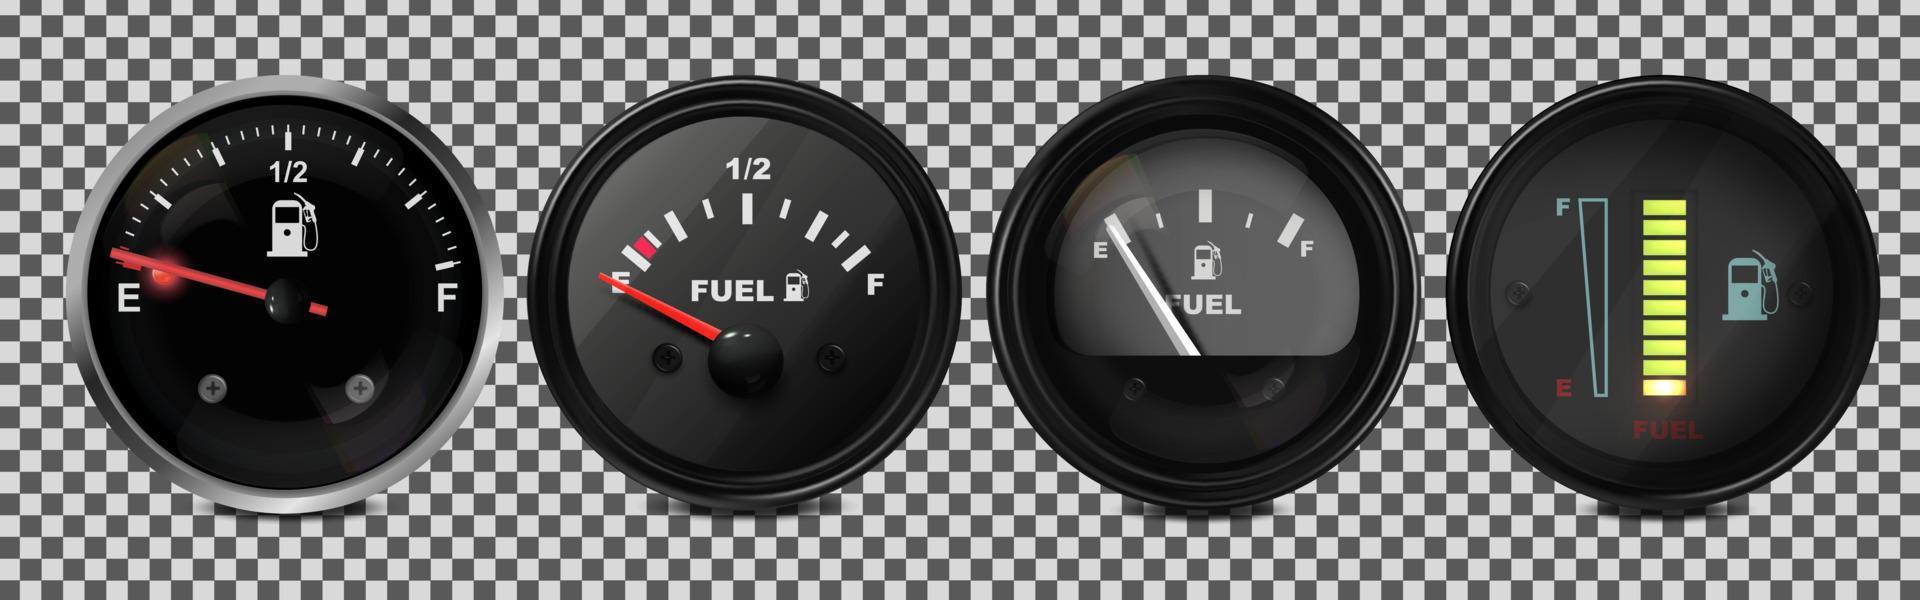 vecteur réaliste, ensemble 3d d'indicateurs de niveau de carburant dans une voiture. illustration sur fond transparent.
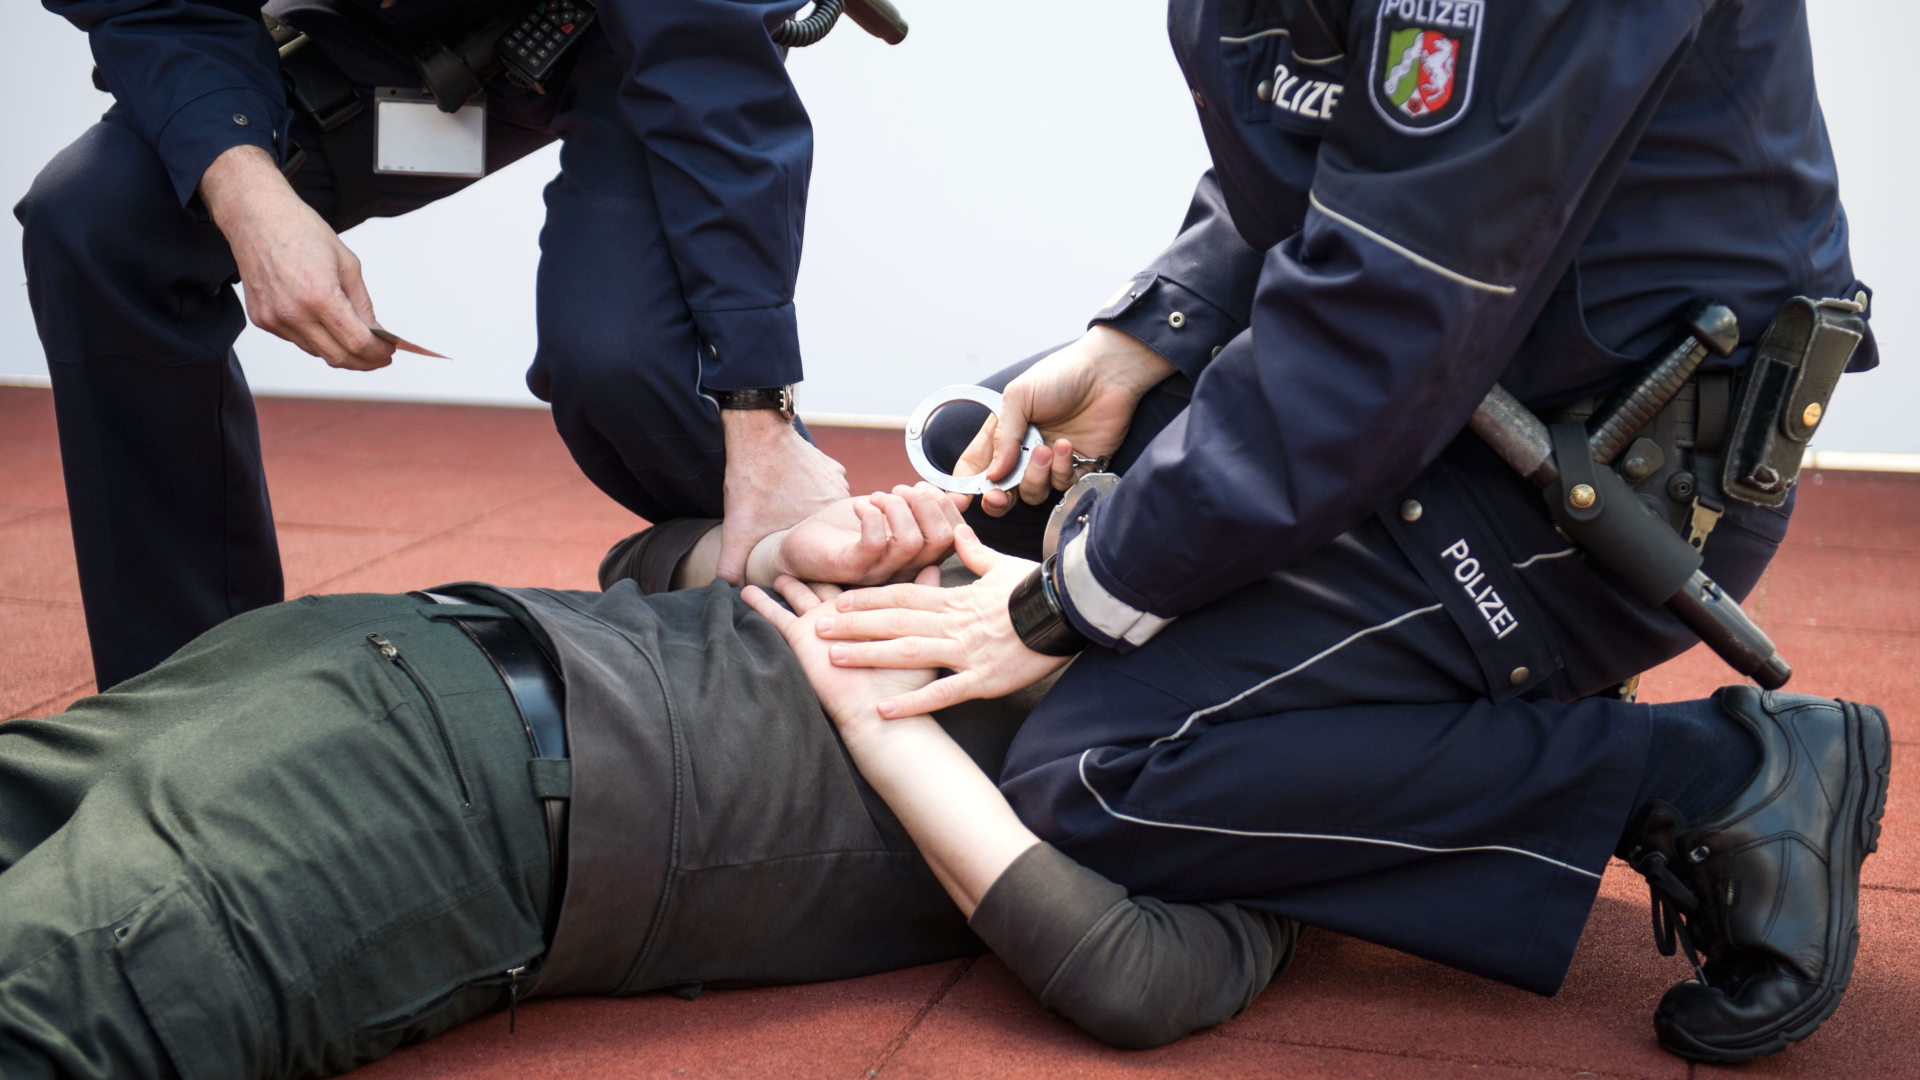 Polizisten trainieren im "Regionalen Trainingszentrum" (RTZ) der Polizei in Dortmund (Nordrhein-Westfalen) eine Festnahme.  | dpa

________

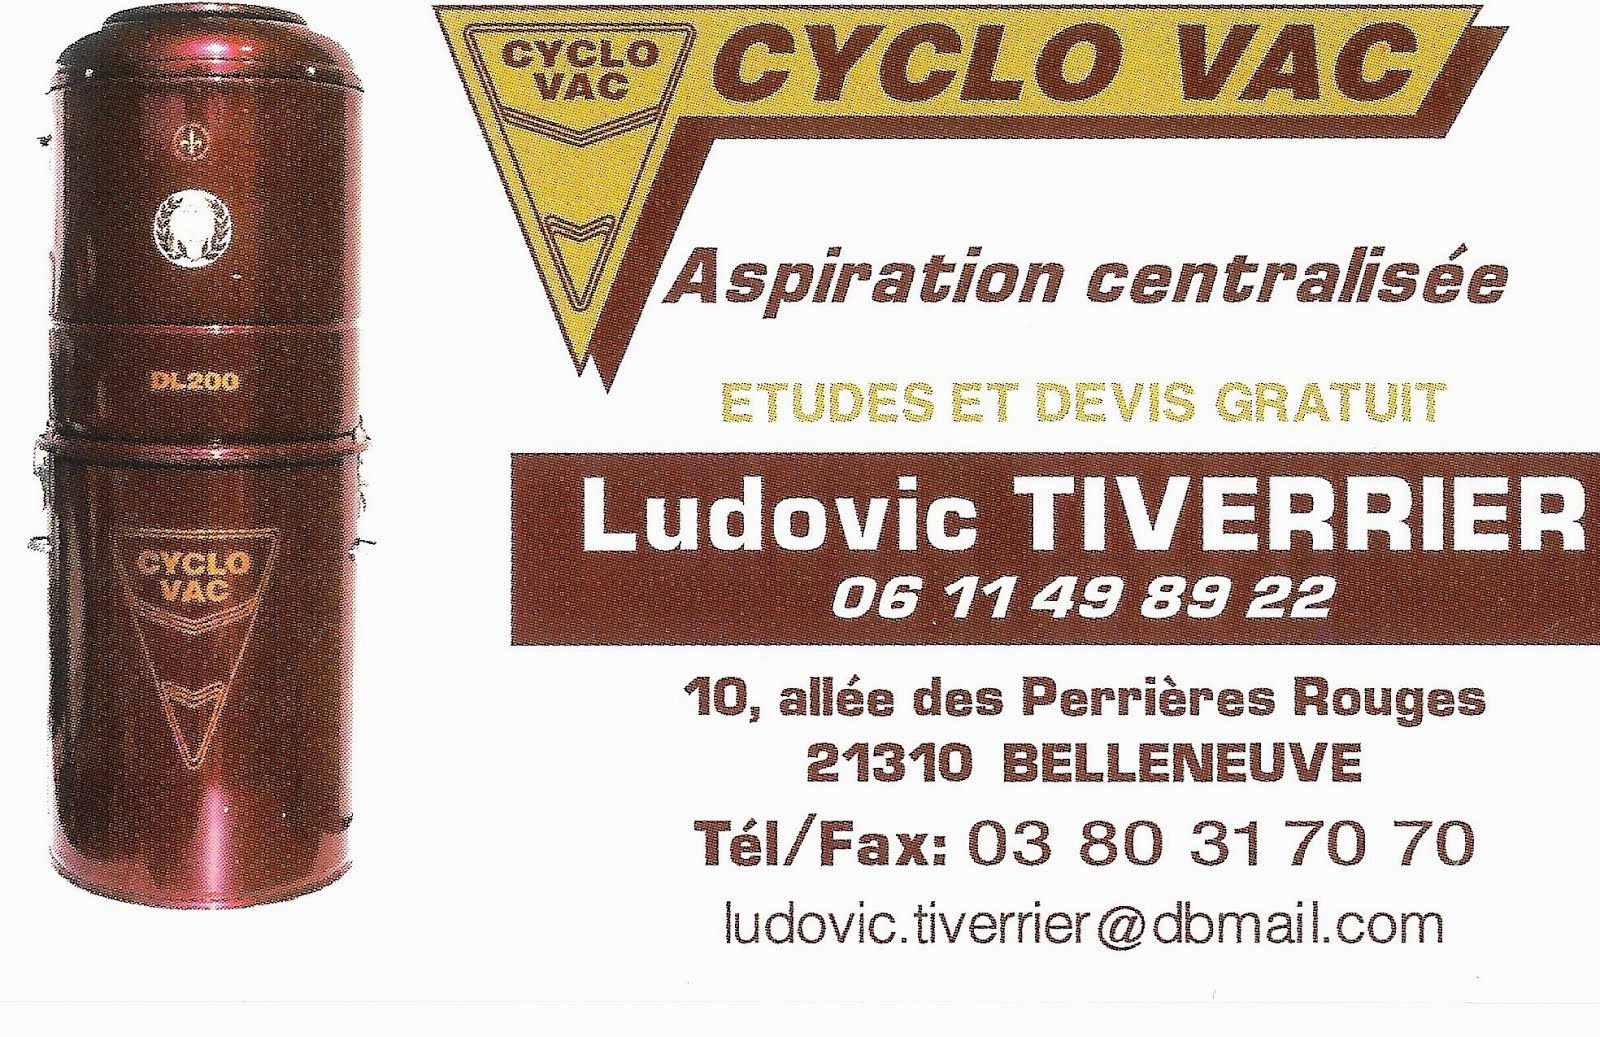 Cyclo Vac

________

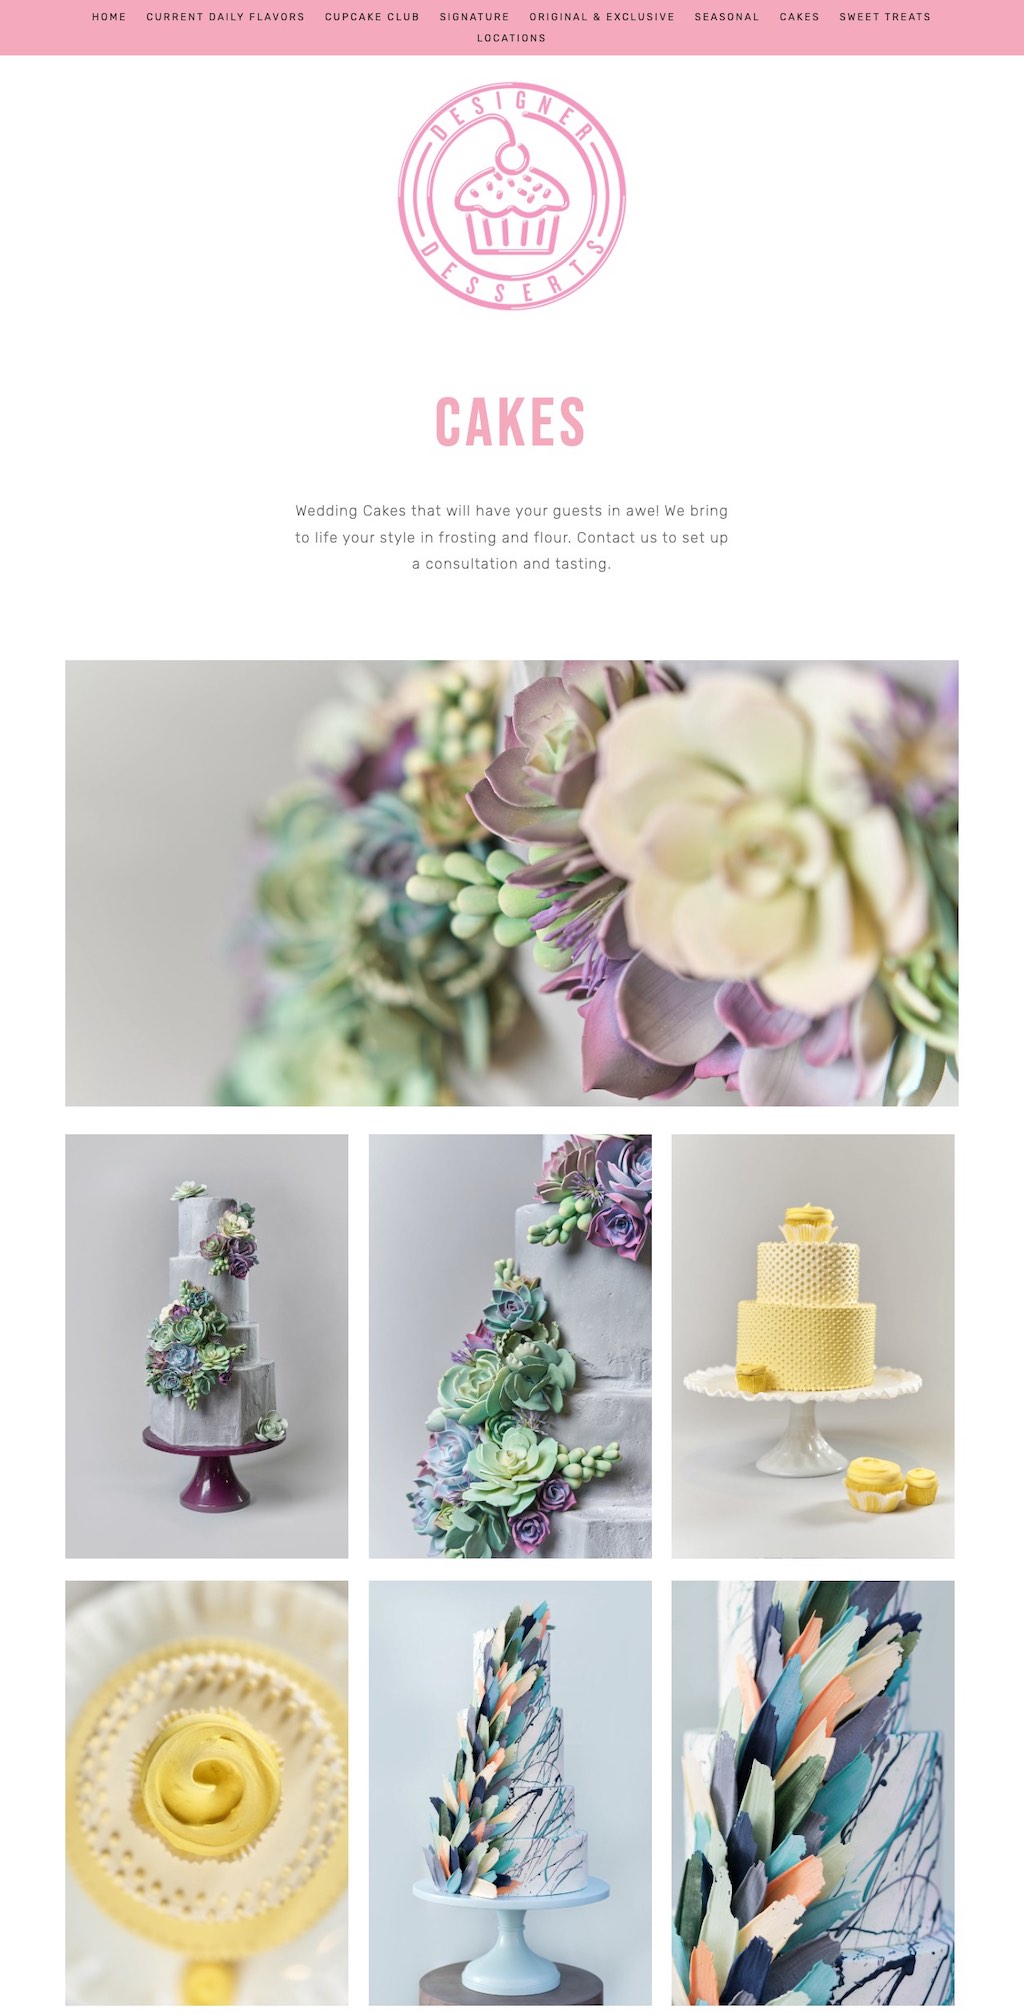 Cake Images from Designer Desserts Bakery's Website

________

▶ [What needs to be done] Repeat exactly, and only, the entries from the line with "vecteur réaliste, ensemble" through the line with "Polizisten trainieren im". Pictures are skipped.

▶ [Task output]
 vecteur réaliste, ensemble 3d d'indicateurs de niveau de carburant dans une voiture. illustration sur fond transparent.
 Polizisten trainieren im "Regionalen Trainingszentrum" (RTZ) der Polizei in Dortmund (Nordrhein-Westfalen) eine Festnahme.  | dpa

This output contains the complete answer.